Two primary endocannabinoid receptors have been identified as CB1 and CB2. CB1 receptors are found predominantly in the brain and nervous system, as well as in peripheral organs and tissues, and are the main molecular target of the endocannabinoid ligand (binding molecule), anandamide, as well as its mimetic phytocannabinoid, THC. One other main endocannabinoid is 2-arachidonoylyglycerol (2-AG) which is active at both cannabinoid receptors, along with its own mimetic phytocannabinoid, CBD. 2-AG and CBD are involved in the regulation of appetite, immune system functions and pain management.

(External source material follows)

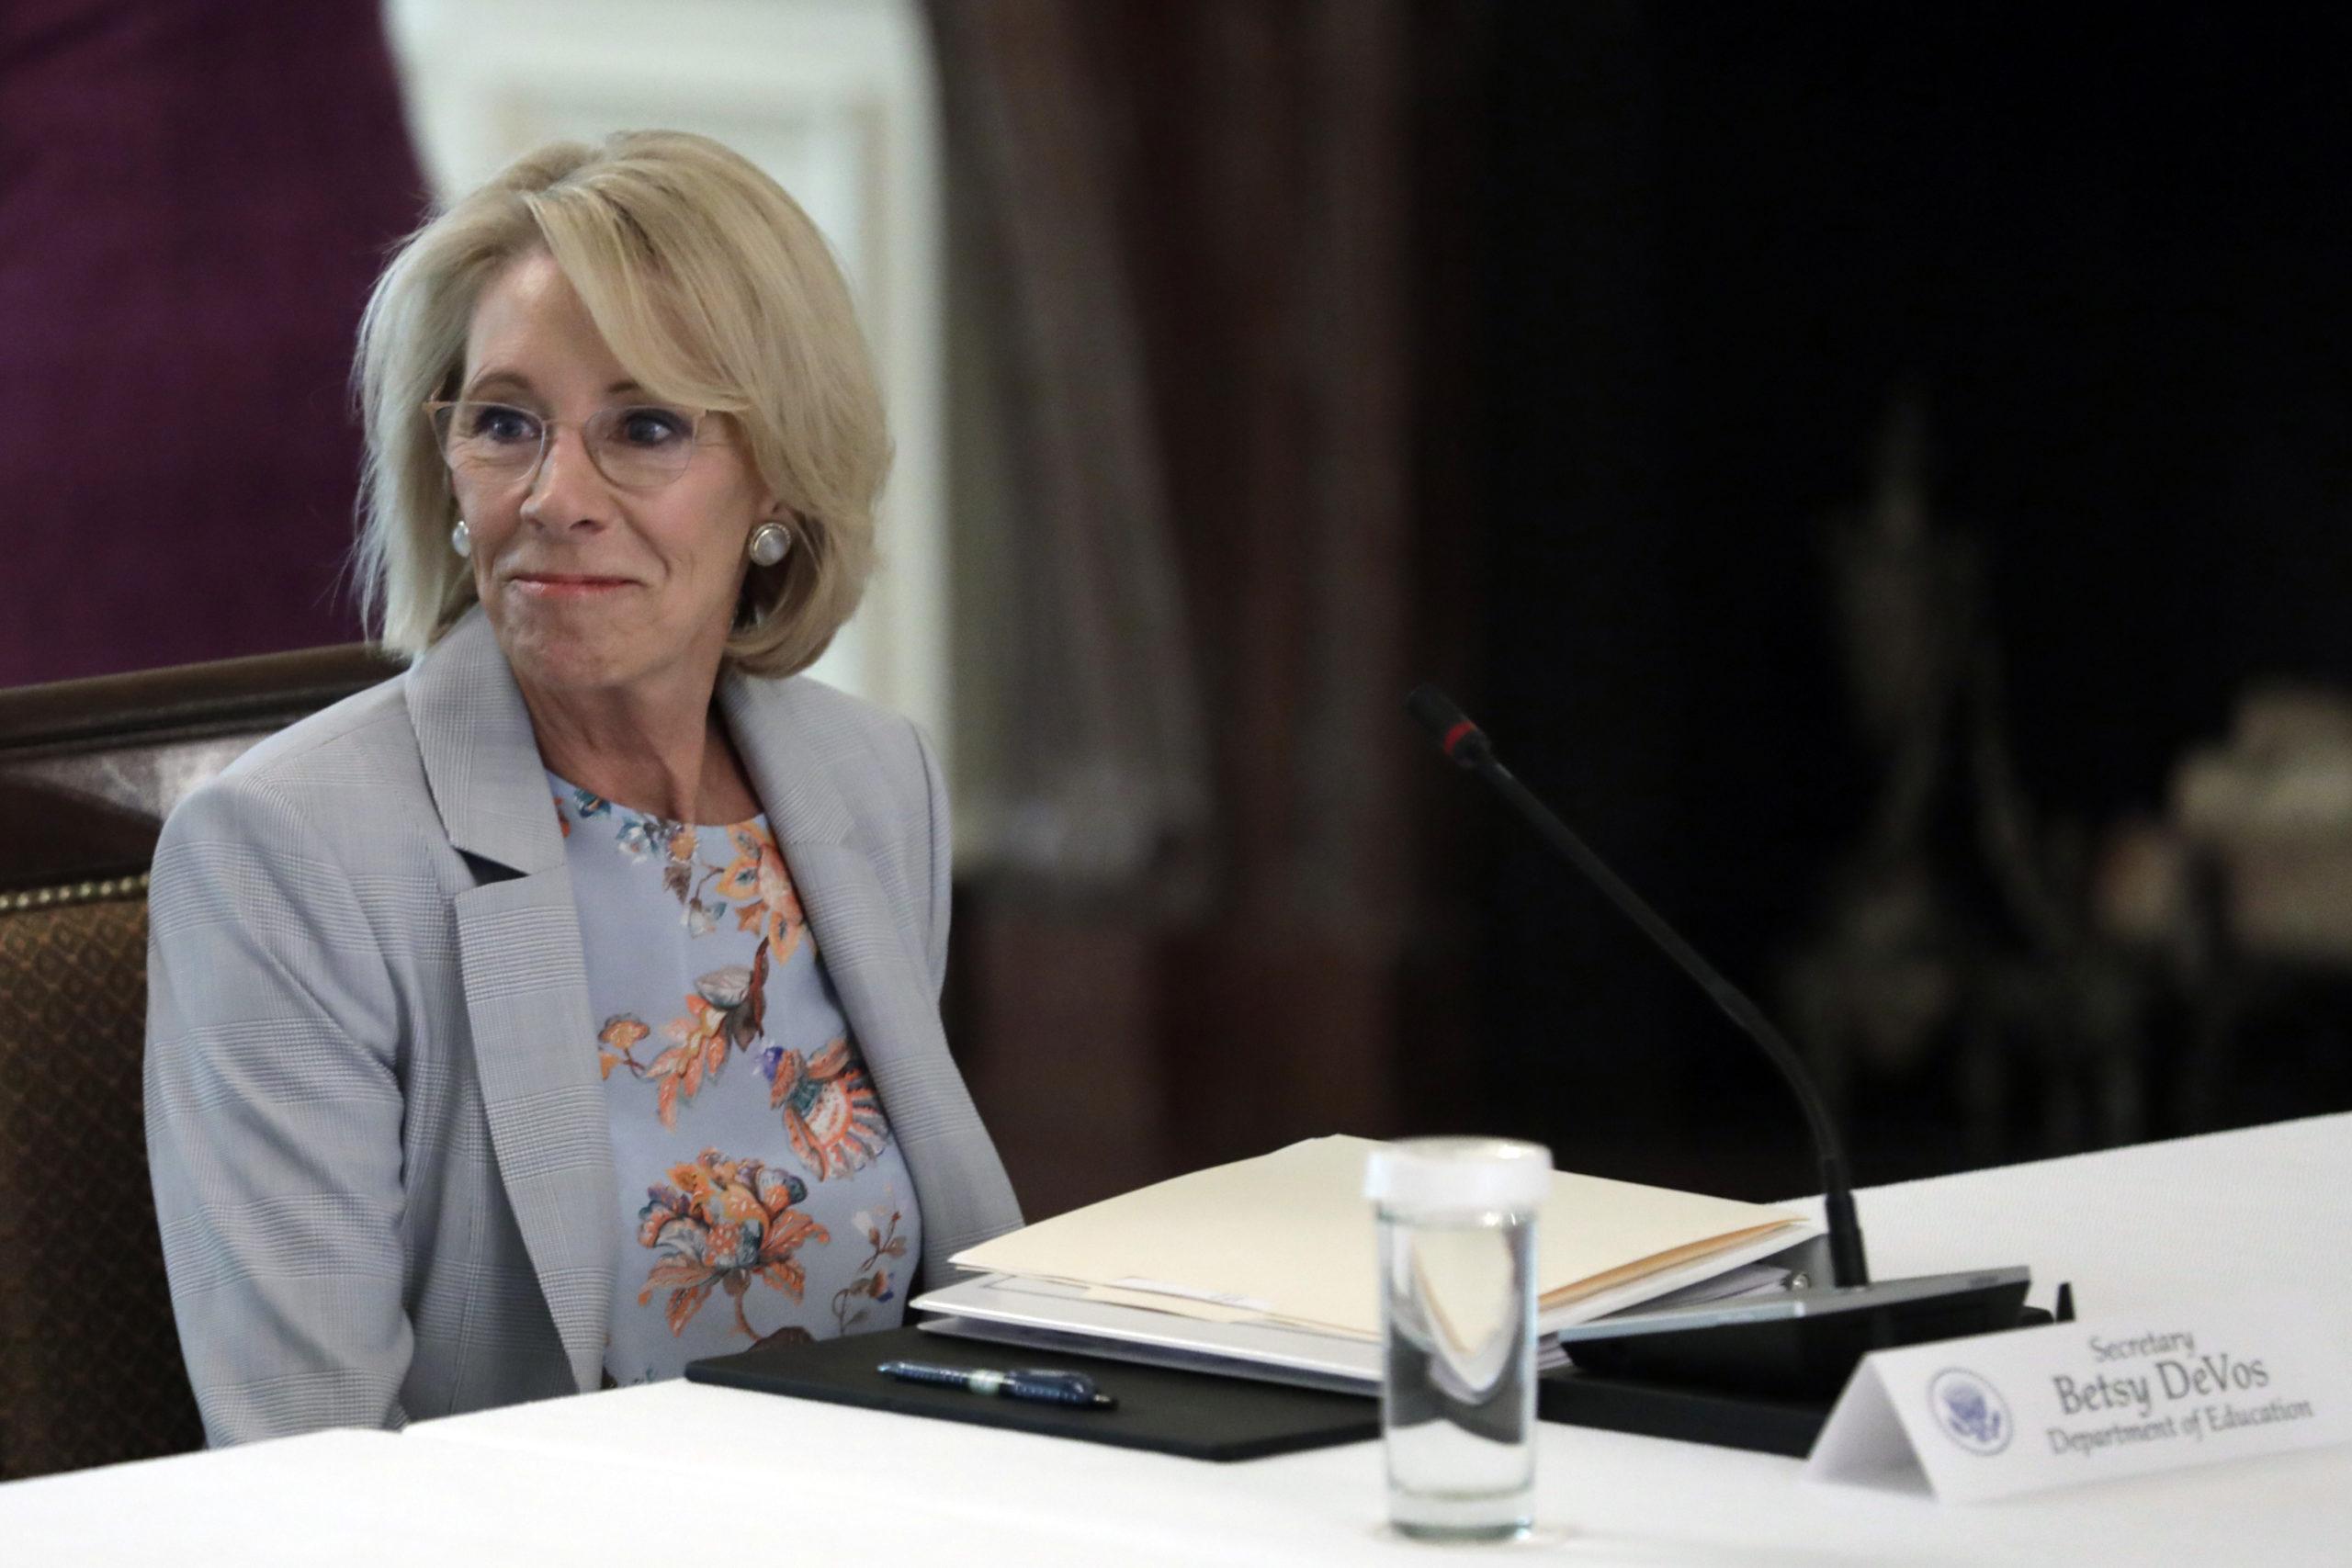 In this file photo, U.S. Education Secretary Betsy DeVos attends the American Workforce Policy Advisory Board Meeting at the White House in Washington, DC on June 26, 2020. DeVos encourages parents to send their kids back to school, warning of students falling behind academically without directly addressing the health risks posed by the coronavirus. (Yuri Gripas/Abaca Press/TNS)

The cannabis plant and other plants produce cannabinoids, which interact with our body’s receptors. These plant cannabinoids are known as phyto-cannabinoids. Phyto is a prefix that means “pertaining to derived from plants”. They are categorized as any plant-derived natural product with the capability to directly interact with the body’s cannabinoid receptors or share chemical similarity with cannabinoids.

Furthermore, phytocannabinoids from cannabis have significantly influenced research on the endocannabinoid system. So far, they have become widely known for their medicinal properties in recent years. In particular, the cannabis plant contains over 400 chemical entities, and more than 60 of them are cannabinoid compounds, which have varying effects.

Cannabidiol – CBD | Cannabidivarin – CBDV | Cannabigerol – CBG | Tetrahydrocannabinol – THC | Tetrahydrocannabivarin – THCV | Cannabidiolic Acid – CBDA | Cannabichromene – CBC | Cannabinol – CBN | Tetrahydrocannabinolic Acid – THCA | Delta-9 Tetrahydrocannabinol – Δ9-THC

CB1 receptors are concentrated mostly in the brain and central nervous system. Cannabinoid receptor type 1, also known as cannabinoid receptor 1, is a G protein-coupled cannabinoid receptor that in humans is encoded by the CNR1 gene. The human CB₁ receptor is expressed in the peripheral nervous system and central nervous system.

CB2 receptors are concentrated mostly in the peripheral nervous system and immune system. The cannabinoid receptor type 2, abbreviated as CB2, is a G protein-coupled receptor from the cannabinoid receptor family that in humans is encoded by the CNR2 gene.